The Animal Medicinal Drug Use Clarification Act of 1994 (AMDUCA) permits veterinarians to prescribe extralabel uses of certain approved new animal drugs and approved human drugs for animals under certain conditions. Extralabel use refers to the use of an approved drug in a manner that is not in accordance with the approved label directions. Under AMDUCA and its implementing regulations published at Title 21, Code of Federal Regulations, Part 530 (21 CFR 530), any extralabel use of an approved new animal or human drug must be by or on the lawful order of a veterinarian within the context of a veterinarian-client-patient relationship (VCPR). Extralabel use must also comply with other provisions of 21 CFR 530. A list of drugs specifically prohibited from extralabel use appears in 21 CFR 530.41.
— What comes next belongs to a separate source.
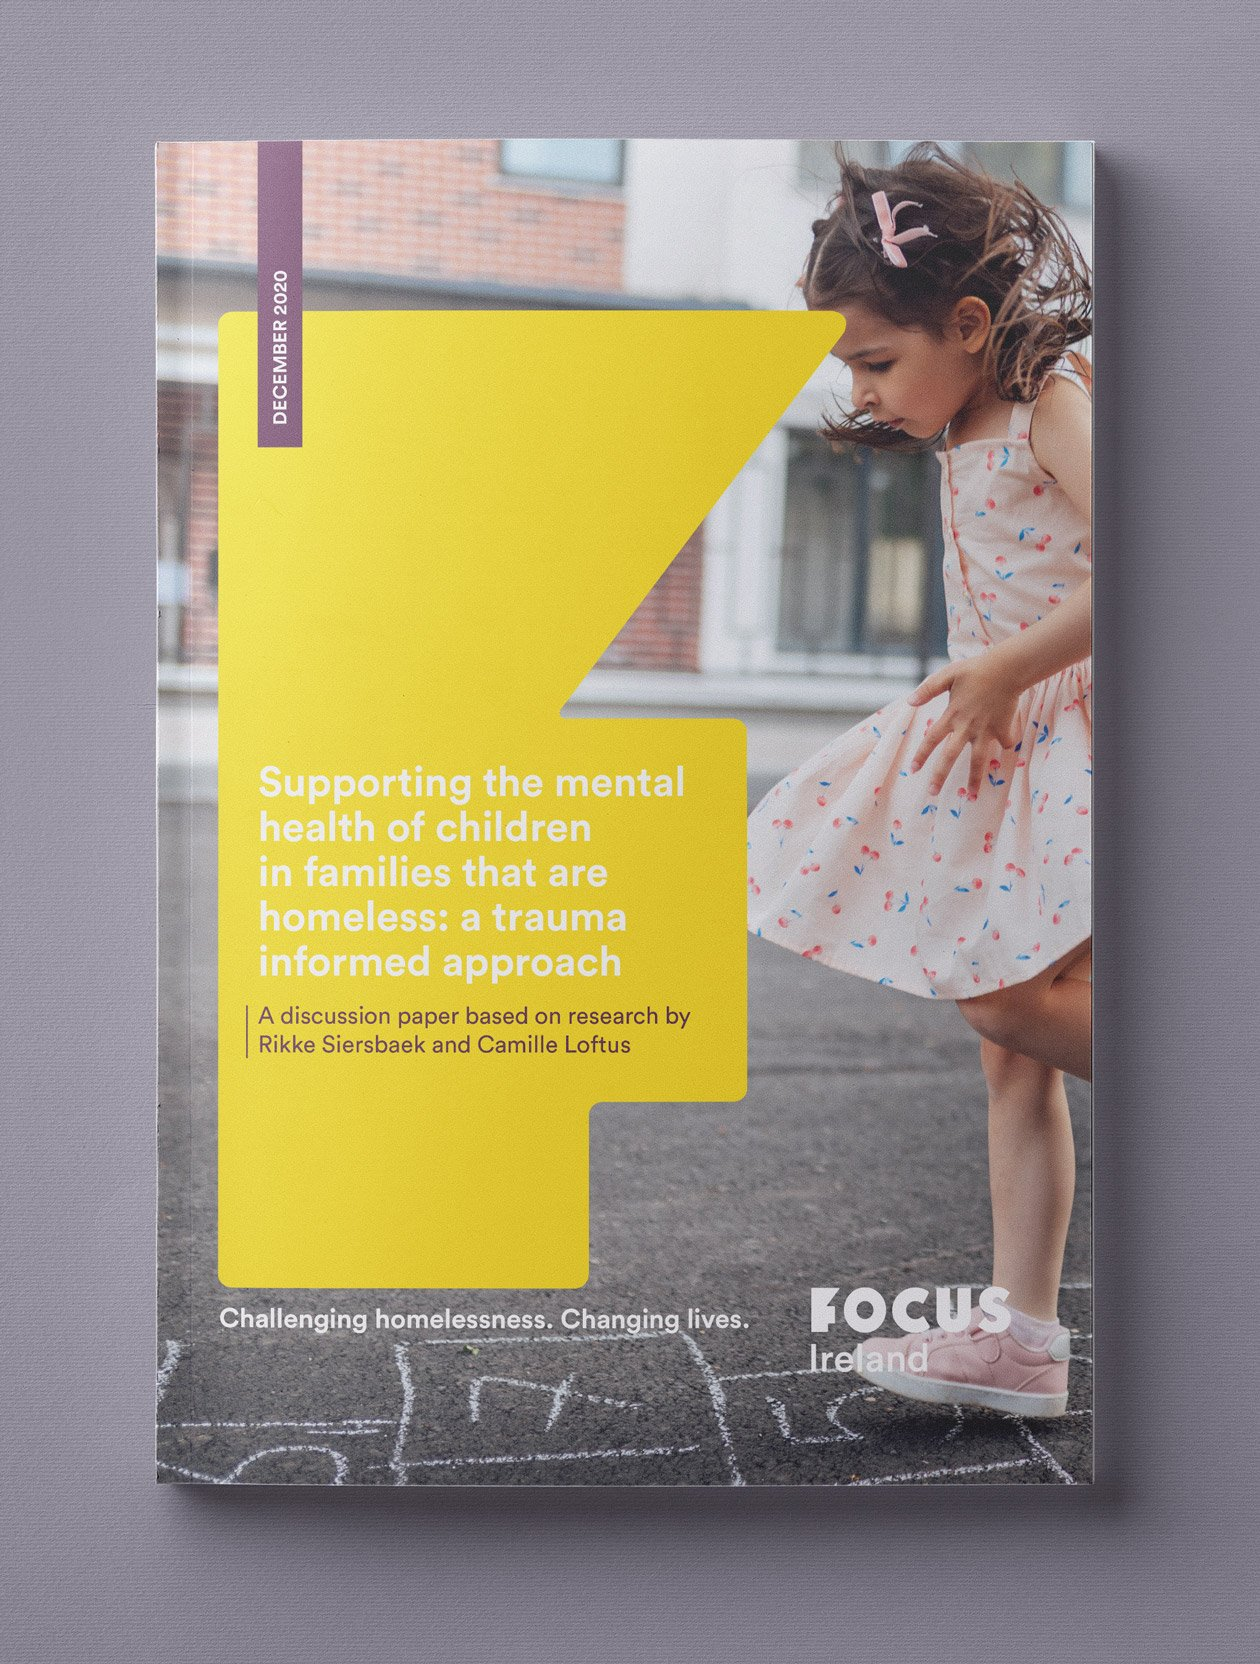 cover focus ireland therapeutics report design by pixelpod

Extralabel Use of FDA Approved Drugs in Animals

"Extralabel use" is defined as:

"Actual use or intended use of a drug in an animal in a manner that is not in accordance with the approved labeling. This includes, but is not limited to, use in species not listed in the labeling, use for indications (disease and other conditions) not listed in the labeling, use at dosage levels, frequencies, or routes of administration other than those stated in the labeling, and deviation from labeled withdrawal time based on these different uses." (21 CFR 530.3(a))

Under the provisions of 21 CFR 530, the FDA recognizes the professional judgment of veterinarians, and permits the extralabel use of drugs by veterinarians under certain conditions. Extralabel use of drugs may only take place within the scope of a valid VCPR. In the absence of a valid VCPR, if an approved new animal drug is used for a use for which it is not labeled, such use has caused the drug to be deemed unsafe under the Federal Food, Drug and Cosmetic Act (“the Act”) (21 U.S.C. 360b), and therefore adulterated under the Act (21 U.S.C. 351(a)(5)).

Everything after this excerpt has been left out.